§ Task to carry out: Return the data below exactly, but only from the line containing "Regulator 'thrilled' about" through the line containing "Mansfield College, Oxford", with both of those lines included.

§ Provided entries:

▼▼▼

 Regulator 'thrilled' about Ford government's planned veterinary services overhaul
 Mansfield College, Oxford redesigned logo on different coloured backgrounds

▲▲▲
▼▼▼

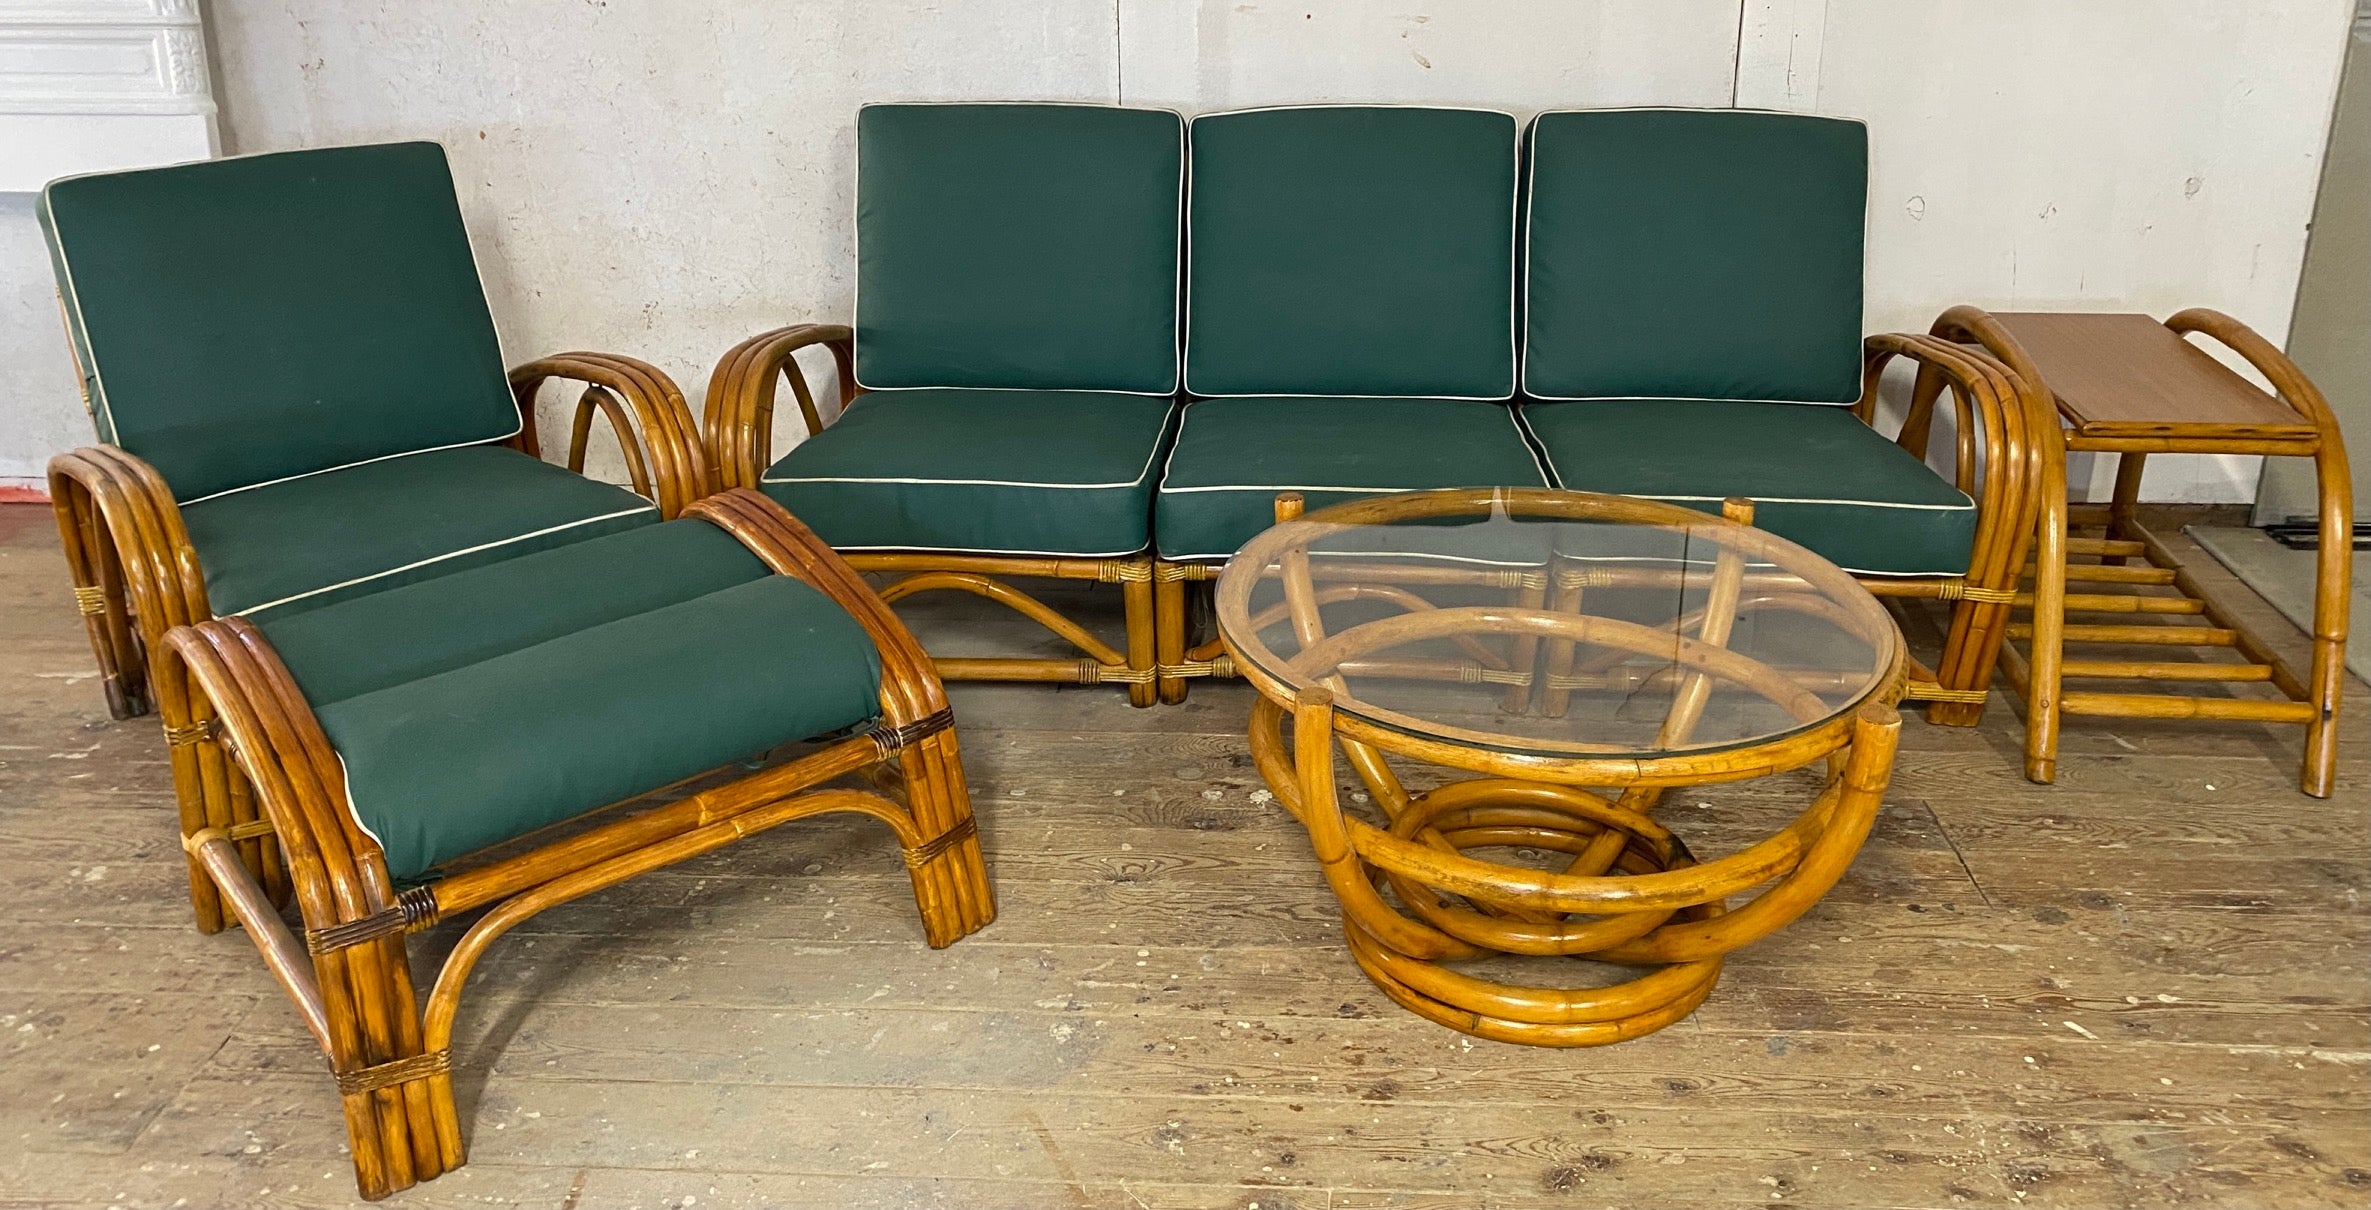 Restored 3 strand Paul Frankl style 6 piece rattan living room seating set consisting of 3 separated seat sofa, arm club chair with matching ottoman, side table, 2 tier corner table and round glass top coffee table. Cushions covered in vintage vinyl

▲▲▲
▼▼▼

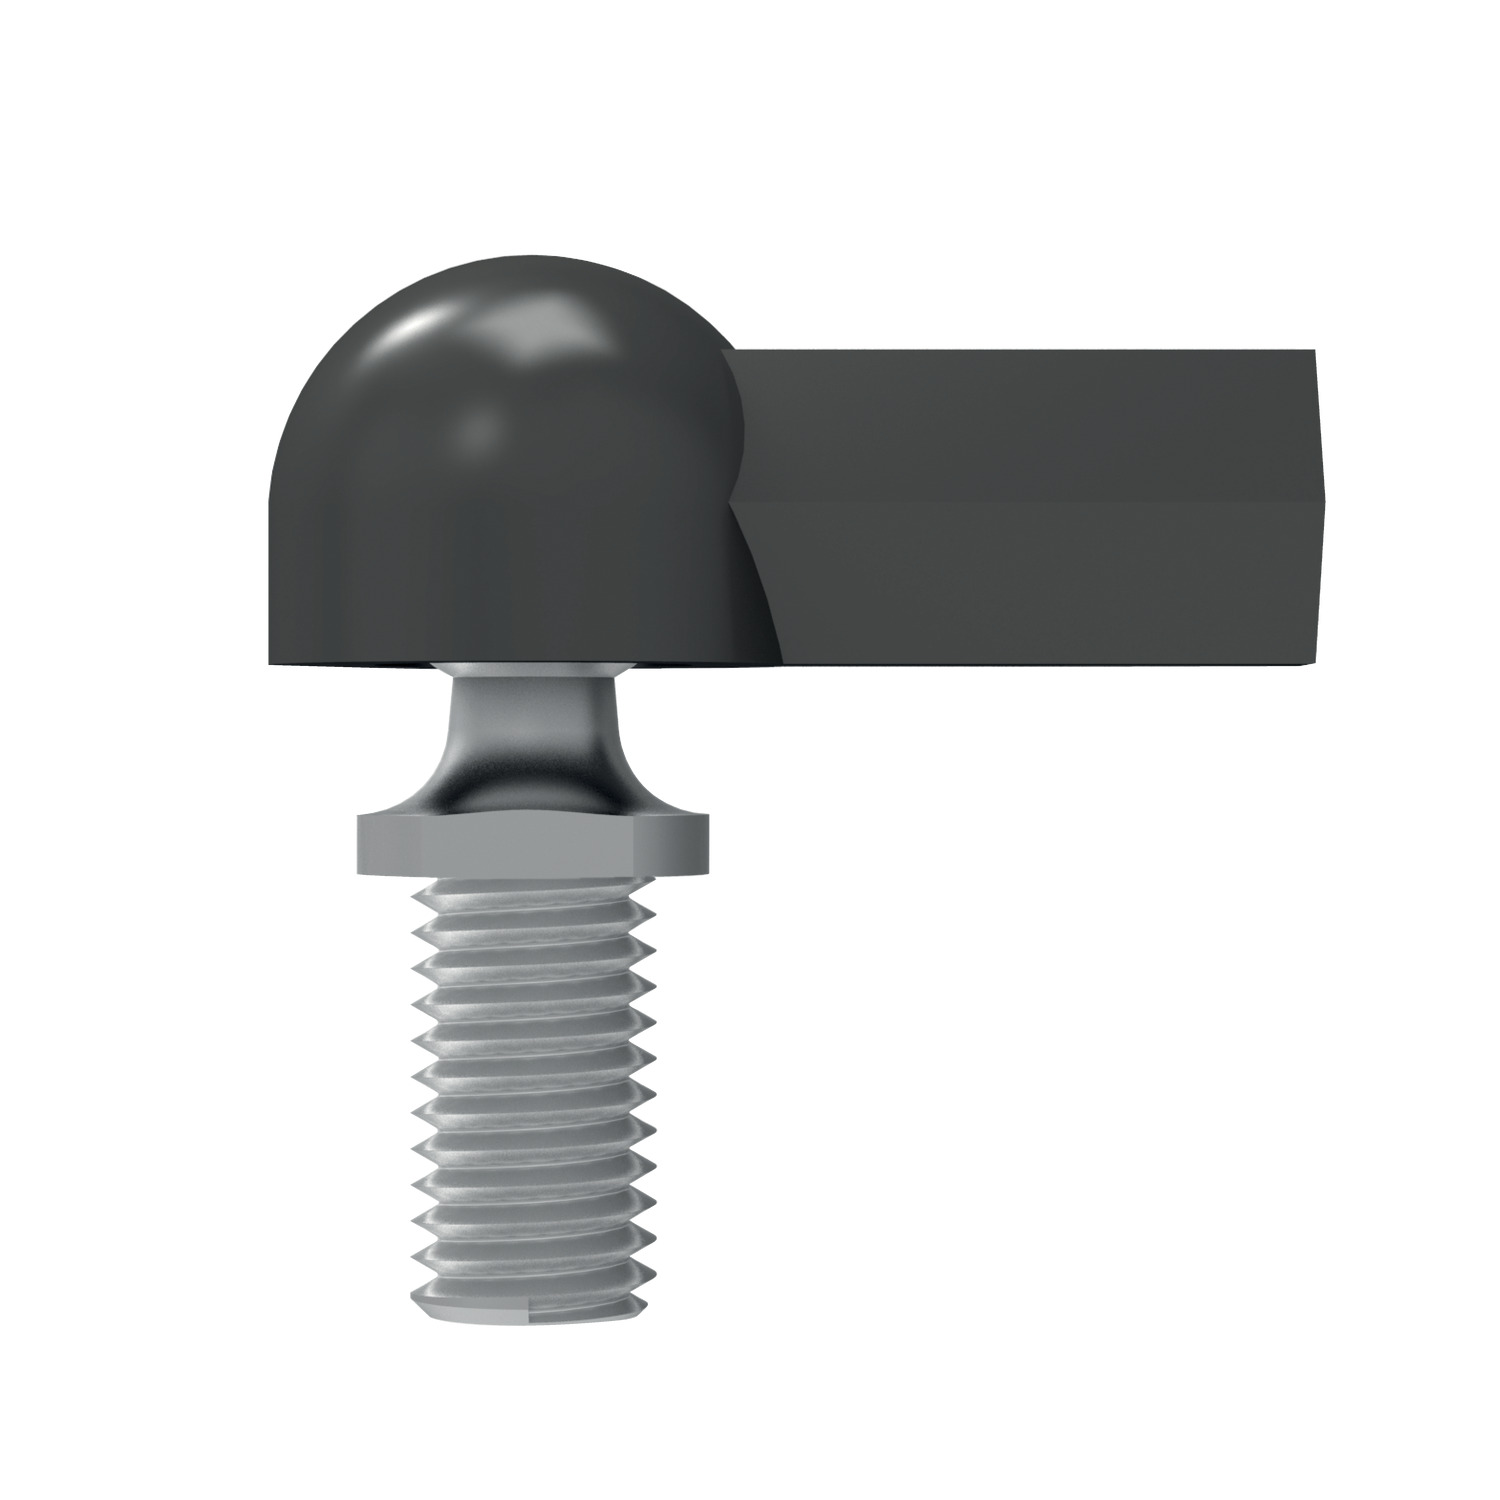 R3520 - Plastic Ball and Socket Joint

▲▲▲

§ Result:
 Regulator 'thrilled' about Ford government's planned veterinary services overhaul
 Mansfield College, Oxford redesigned logo on different coloured backgrounds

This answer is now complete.